Book: The Fine Print by Lauren Asher
Top 3 Recommended Books: ['Idol by Kristen Callihan', 'This Heart of Mine by Lisa Kleypas', 'The Kiss Thief by L.J. Shen']

Book: When He Was Wicked by Julia Quinn
Top 3 Recommended Books: ['Rule by Jay Crownover', "The Lover's Dictionary by David Levithan", 'Entwined with You by Sylvia Day']

Book: Definitely Dead by Charlaine Harris
Top 3 Recommended Books: ['All Together Dead by Charlaine Harris', 'Dead Until Dark by Kate Stayman-London', 'From Dead to Worse by Charlaine Harris']

Book: To Have and to Hoax by Martha Waters
Top 3 Recommended Books: ['Him by Sarina Bowen', "Lady Isabella's Scandalous Marriage by Jennifer Ashley", 'Ten Tiny Breaths by K.A. Tucker']

Book: The Marriage Game by Sara Desai
Top 3 Recommended Books: ['Layla by Colleen Hoover', 'White Hot Kiss by Jennifer L. Armentrout', 'Wallbanger by Alice Clayton']

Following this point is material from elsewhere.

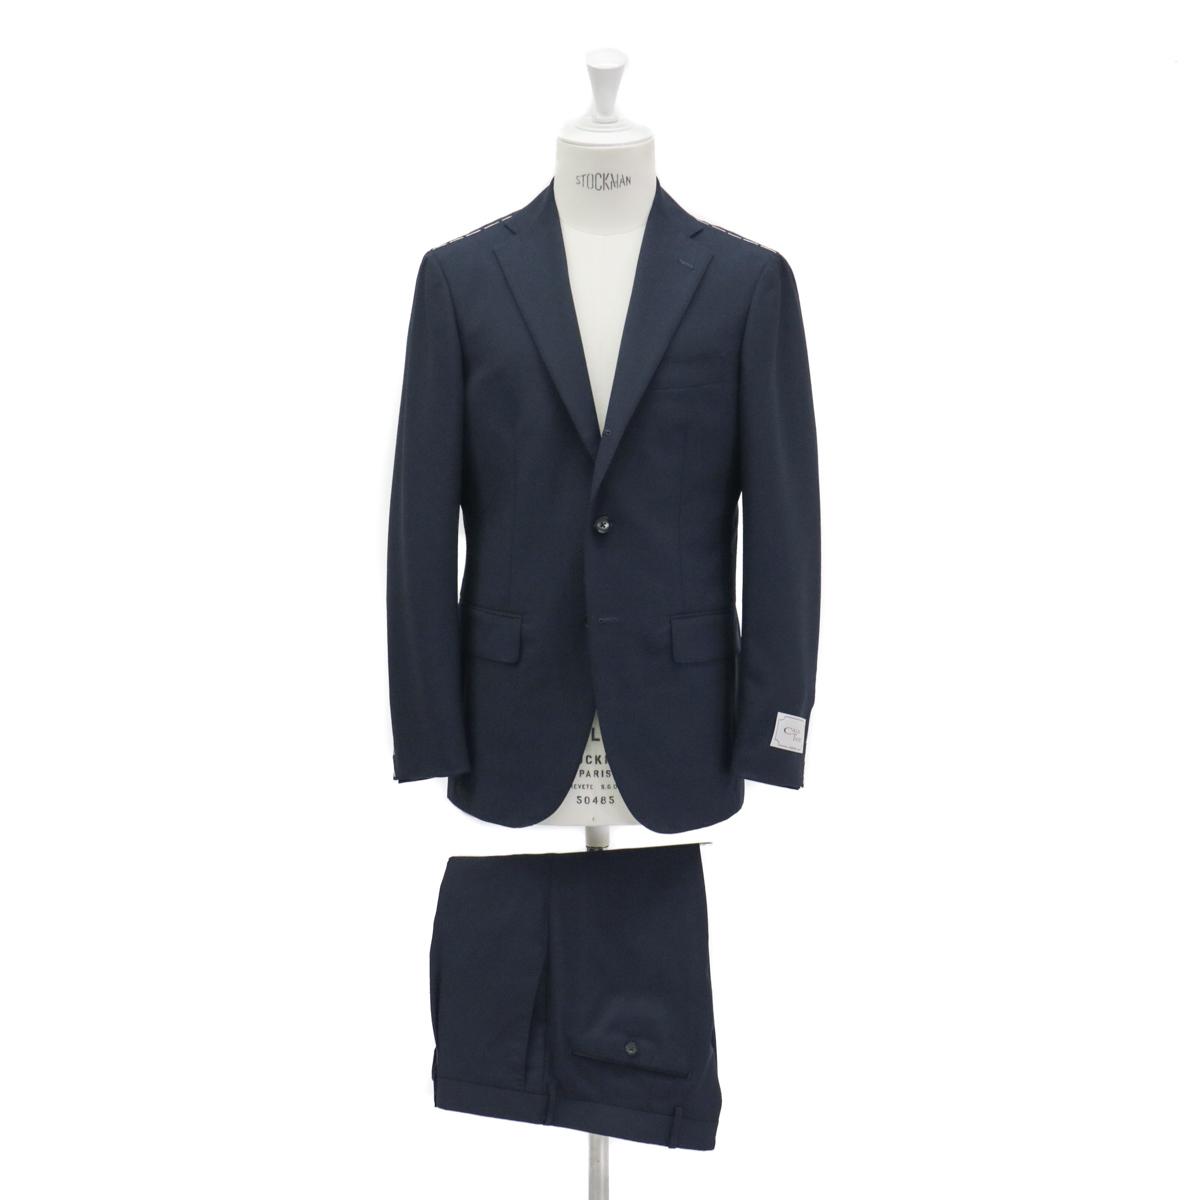 RING JACKET リングヂャケットModel No-184AH S-172HCALM TWIST3Bスーツ【ネイビー】

## Personal Contribution Statement
Working on this section of the project gave me different ideas of how I could improve the recommendation engine. The first idea I had was to add columns for 2-3 subgenres for the books. This would add another dimension to determining the similarity between books. The second idea I had was to filter out books with the same author when giving a recommendation because reading a book by the same author seems like a given. By eliminating books by the same author, I would be able to provide more recommendations for the user. The biggest element of the project I need to nail down is how I want the user to enter the book that the want recommendations for. Ideally, the user would be able to enter the name of any romance book. However, the way the recommendation engine is set up now it can only provide recommendations for books that exist in the dataset. I am brainstorming a way to search Goodreads for information about the user's selected book and compare it to the books in the dataset.